Thanks.  The players in those games and I had earlier managed to recover about seven pages' worth of cached material using precisely the method you mention here.  I think the rest of it is gone, pure and simple.   :\ 

C'est la vie.  It was quite a bit of work that we'd put in on descriptive text but nuttin to do 'bout that now.  As much as it hurts to loose all that for a pbp I'm sure it would've made me cringe even harder had it been for a storyhour.


----------



## Nyaricus (May 12, 2006)

Sorry to pest again, but I found the name of a thread of mine which I *really* would like back, and I was wondering if anyone knew how to get to a catched version of it.

Nyaricus' new Campaign Races: balance issues and feedback appreciated!


is the name, but google won't let me see it - http://72.14.207.104/search?q=cache...yaricus&hl=en&gl=ca&ct=clnk&cd=121&lr=lang_en is the farthest I can go - you can see number 9421 has the same name, but I can't access the page - it just doesn't load. Does anyone know if I can still get this?


----------



## CanadienneBacon (May 12, 2006)

I googled and found your thread but when I click on the Cache (which is what I did to recover what of mine I could), I was sent to the EN World archives and even though I spotted your thread title down a bit on the page that popped up, it of course would not let me open it...same problem as what you experienced.  When I was googling the other day to try to recover some of my own lost info, one or two of my things came up in that same archive style and, just as they did with yours, I was unable to open and view the material.  I'm no techie and couldn't figure out what to do with it, so I went with the assumption that because the db was corrupted the archived material from that time period was also lost.

Just thought I'd let you know that I tried and did have a look but to no avail.  Maybe someone else with a more informed knowledge and skill set will come along with some pointers.

I checked Yahoo's search engine to see if they had a cache of that thread (they did not), but I was able to locate the thread topic number, which may be of some help in a further search elsewhere:

www.enworld.org/showthread.php?t=170572

That's the thread topic number before the db crashed.  If it helps you, then fantastic...I kind of don't think it will but ya never know.


----------



## Nyaricus (May 12, 2006)

*CanadienneBacon*, thanks so much for at least trying to find my old post.
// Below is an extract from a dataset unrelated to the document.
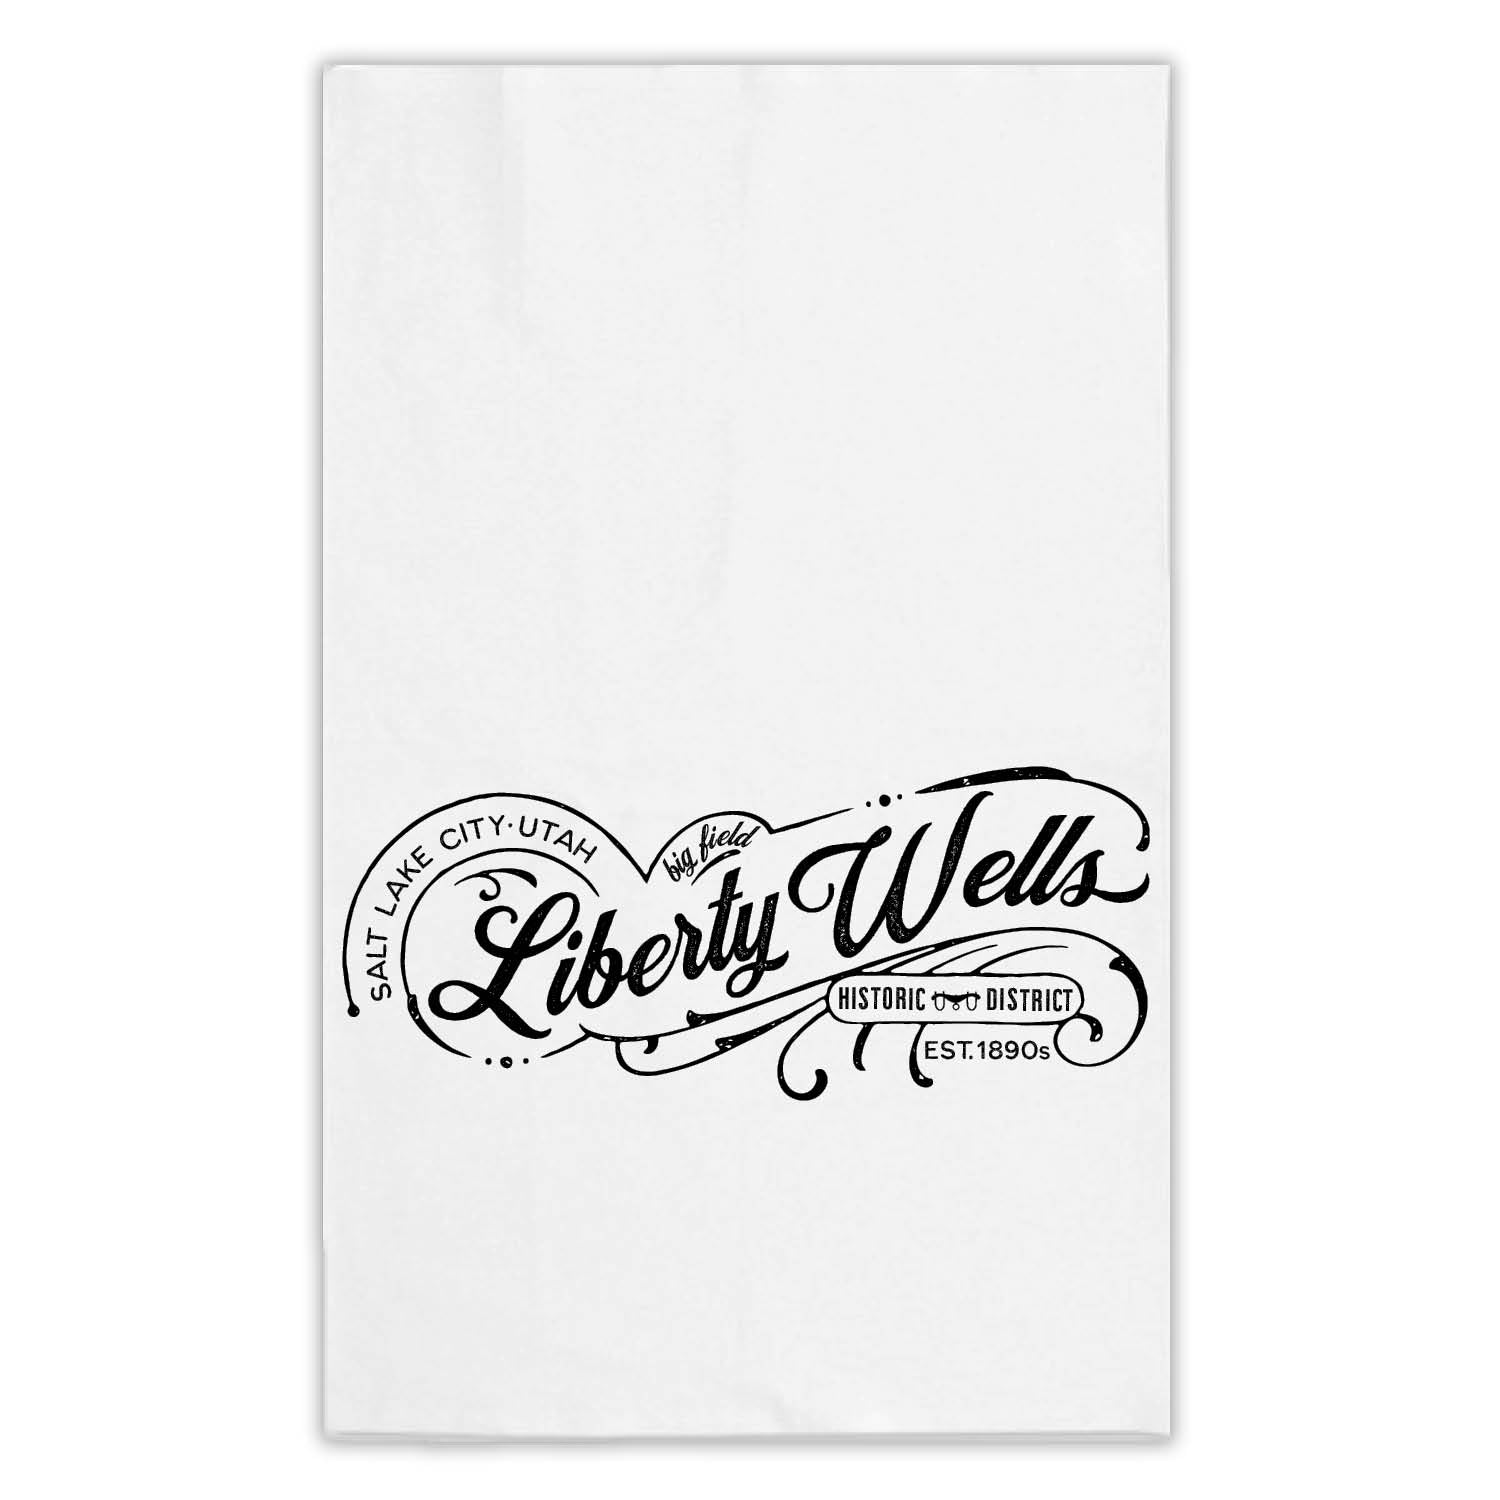 Liberty Wells Salt Lake City neighborhood swirly script design printed on a white tea towel

I am also no techie, but if your info does help then great  Again, I really appreciate the try, even if nothing came of it (yet )

BTW, nice name  I'm from the 'Peg - where are you from?


----------



## CanadienneBacon (May 12, 2006)

My husband came up with the moniker a couple of years ago.  We both thought it was funny in a silly sort of way and so I kept it. 

I'm from BC...the Kootenays.  Also lived in northern Alberta, Denver, Wyoming, New Orleans (years and years before the flood), Texas, California, South Carolina, Seoul, and now Hawaii.  Coldest place I've ever lived was Wyoming.  Hands down colder than northern Alberta even.    

I've never been to Winnepeg but have always heard from those who live there that they like its hominess.


----------